После той стычки на сеансе психотерапии нас изолировали на три дня, запретив выходить из комнат. На третий день Таг юрком проскользнул в мою палату и закрыл дверь.
Я настороженно на него посмотрел. Мне-то казалось, что дверь была заперта. Я даже не пытался ее открыть. И как дурак просидел в комнате с открытой дверью целых три дня.
– Коридор обходят всего раз в несколько минут. Проще пареной репы! Мне стоило прийти раньше, – сказал он, садясь на мою кровать. – Я, кстати, Давид Таггерт. Но ты можешь звать меня Таг.
Он не извинялся за попытку задушить меня и, к моему легкому разочарованию, явно не планировал снова устраивать драку.
В таком случае его присутствие нежелательно. Я тут же вернулся к своему рисунку, ощущая присутствие Молли прямо за стеной воды, ее силуэт мелькал за водопадами. Я тяжело вздохнул. Эта девчонка меня уже утомила.
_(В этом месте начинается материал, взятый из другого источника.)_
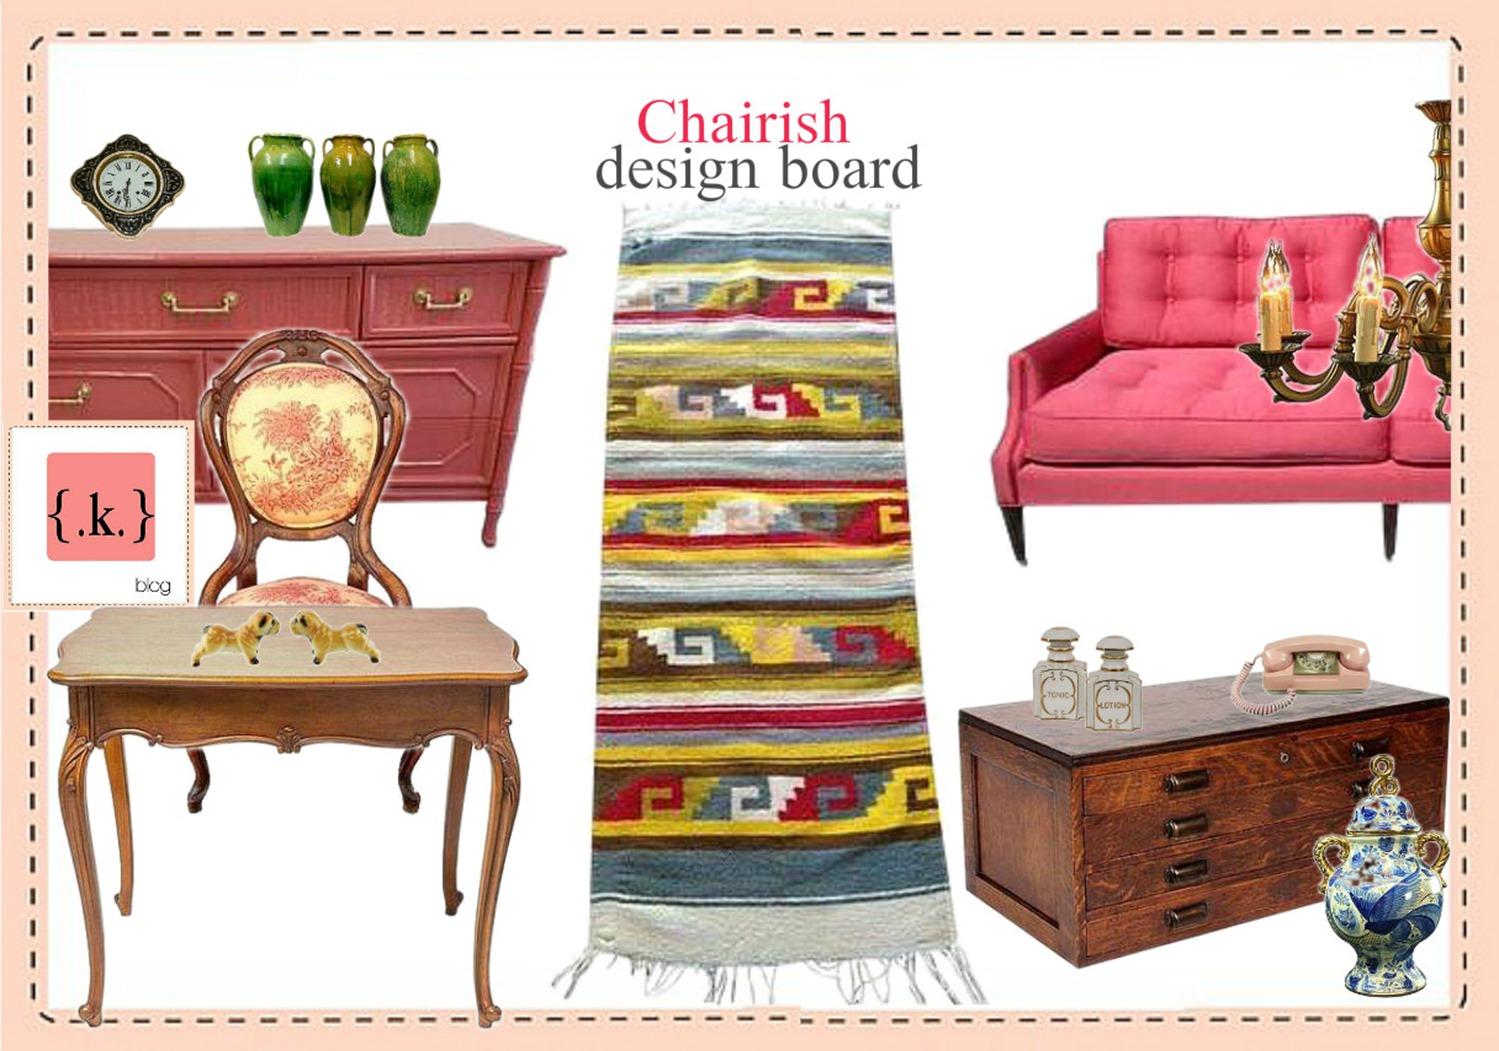 design board by konstadina nastou, interior designer, https://kinteriorsblog.wordpress.com/

А ее брат и подавно. Они оба были невероятно упрямыми и надоедливыми.
– Ты сумасшедший сукин сын, – заявил Таг без всяких преамбул.
Я даже не поднял голову от рисунка, который набрасывал крошечным карандашом. Мои запасы заканчивались слишком быстро, как бы я ни пытался их растянуть.
– Все так говорят, верно? Что ты сумасшедший. Но я на это не куплюсь, чувак. По крайней мере, теперь. Ты не безумец, у тебя дар. Безумный дар.
– Безумный. Сумасшедший. Разве это не одно и то же? – пробормотал я. Безумие и гениальность шли рука об руку. Мне даже стало любопытно, о каком даре он толкует. Он не видел моих картин.
– Не-е, чувак. Безумцам здесь и место. А тебе нет.
– Я так не думаю.
Он удивленно рассмеялся.
– Ты считаешь себя сумасшедшим?
– Я считаю себя ломким.
Таг недоуменно наклонил голову, но, когда я не предоставил дальнейших объяснений, кивнул:
– Ладно, пускай так. Может, мы все ломкие. Или разбитые. Уж я так точно.
– Почему? – невольно поинтересовался я. Молли снова замаячила передо мной, и я начал рисовать быстрее, беспомощно заполняя страницу альбома ее лицом.
– Моя сестра пропала. И это моя вина. Пока я не узнаю, что с ней произошло, то не смогу вновь почувствовать себя целым. Я буду навеки разбитым.
Под конец он заговорил так тихо, что я засомневался, предназначались ли мне эти слова.
– Это твоя сестра? – неохотно спросил я, поднимая альбом.
Таг уставился на нее. Затем встал. Снова сел. И в конце концов кивнул.
– Да, – выдавил он. – Это она.
И все мне рассказал.
Оказывается, отец Давида Таггерта техасский нефтяник, который всегда мечтал быть фермером. Когда Таг начал напиваться каждую неделю и попадать в неприятности, его отец вышел на пенсию, продал свою долю за миллионы и, помимо всего прочего, купил пятьдесят акров земли в округе Санпит, Юта, откуда была родом его жена, и переехал туда вместе со всей семьей. Он был уверен: если увезти Тага и его старшую сестру Молли подальше от былого круга общения, то вскоре они возьмутся за ум.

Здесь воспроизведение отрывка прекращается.